At her left, Sorcha chatted merrily with Hugo, doubtless most improperly, too. Adela had noted that the two of them seemed to talk about any subject that entered their heads, and she could not approve. People—ladies, at least—should display more decorum. But she had long since stopped trying to persuade Sorcha of that.
"Where is Sidony?" she asked when Sorcha turned to her. "I saw her earlier in the chapel, of course, but I've not seen her since we came into the hall."
"I'll wager she went upstairs to look in on our new nephew," Sorcha said with a grin. "She spends more time with him than with anyone else, and you can see for yourself that Isobel is quite calm and relaxed. Had wee William Robert been lying alone upstairs all this time, you can be sure she would be fidgeting by now." She turned to a passing gillie and asked him to pour her some more wine.
"Dearling, you should have let Hugo give him the order," Adela said gently.
"He is busy talking to his sister Kate," Sorcha said.
Adela realized that Hugo must have somehow summoned Katharine, because Isobel had shifted to a seat beside Sir Edward, and Katharine was taking the seat beside Hugo. Adela saw, too, that Katharine was indeed the one who had been flirting with the handsome stranger. Trust Hugo, a notorious flirt himself, to call his sister to order for engaging in a similar practice.
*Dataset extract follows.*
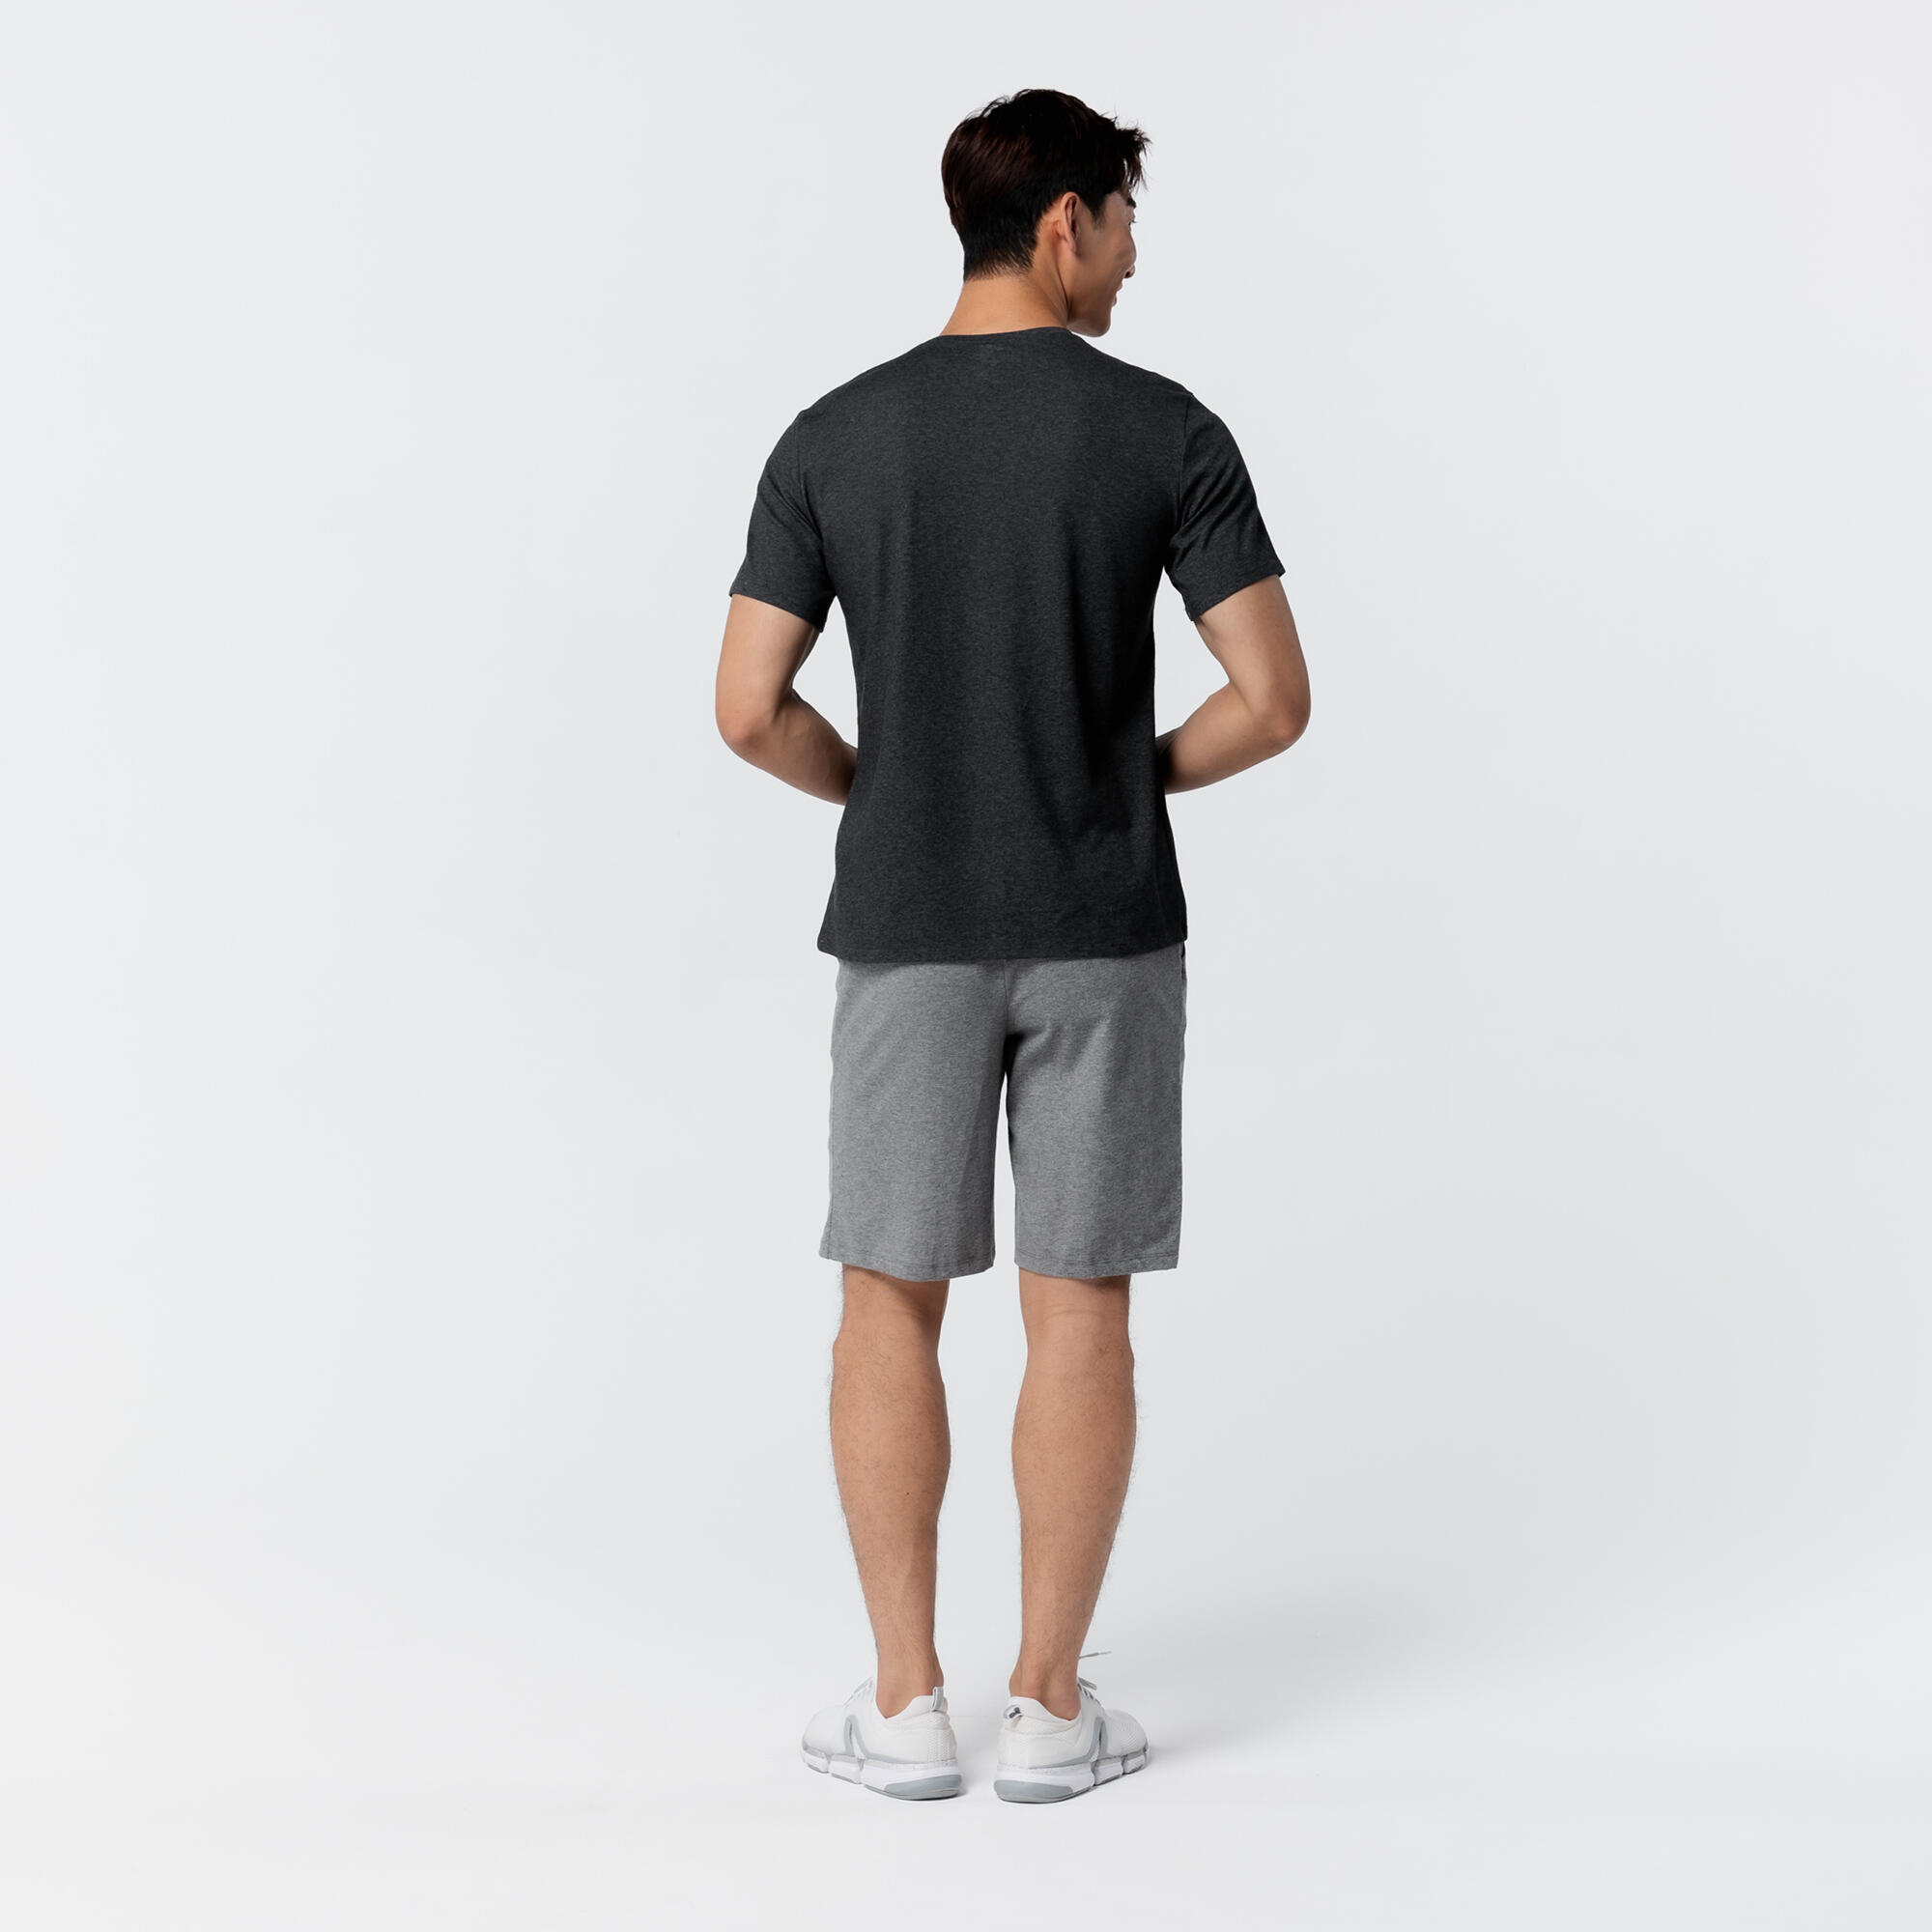 Men's Short-Sleeved Straight-Cut Crew Neck Cotton Fitness T-Shirt 500 - Grey 8/21

Kate looked annoyed, too, as well she might, Adela mused, recalling that she herself had once emptied a basin of holy water over Hugo's head when she had heard more than enough of his lecturing.
Recalling again that many folks had expected her to marry him, and that she had once sincerely contemplated the possibility, she wondered at herself. She liked him very much, to be sure. He was handsome, charming, and a famous swordsman, but he had an annoying tendency to order people about, and she preferred not to have orders flung at her. Sorcha dealt with him better than she ever would have.
Ardelve would suit her much better, Adela told herself yet again. She would live close to her own home and would be able to see old friends and family whenever she liked, and Ardelve was wealthy enough to provide every comfort.
She turned to smile at him again.
He was staring at his goblet as if he considered refilling it, but he seemed to sense her gaze, for he turned his head and smiled at her. "You are so beautiful," he said. "I believe I am quite the most fortunate of—"
To her shock, his face seemed to freeze, except for his lips, which opened once or twice as if he gasped for words to finish his sentence. Then, just as she realized that he was gasping for air, he slumped awkwardly against Isabella, and as the countess exclaimed and tried to hold him, Ardelve collapsed to the floor.
Adela stared at him in shock.
"Sakes, I didn't think he was even in his cups," Sorcha exclaimed.
"He isn't," Hugo said, leaping quickly to his feet.
"Adela," the countess said in a quiet but firm voice, "turn away, my dear, and attempt to compose yourself. It will not do to cause any great stir. Indeed, I am sure this is naught that should distress you."
"His eyes are open, but I do not think he sees me," Adela said without looking away.
Hugo was kneeling beside Ardelve. After only a cursory examination, he looked up at her and said gently, "I'm sorry, lass. I'm afraid he's dead."
Adela gasped, and tears sprang to her eyes.
Isabella signed at once to the minstrels in the gallery, and the music grew louder. Startled, Adela turned her head in time to see jugglers running to the clearing in the center of the lower hall.
As she began to turn back to Ardelve, she saw that although nearly everyone below had turned to watch the jugglers, one person at least had not.
The man with the jade green eyes was looking straight at her.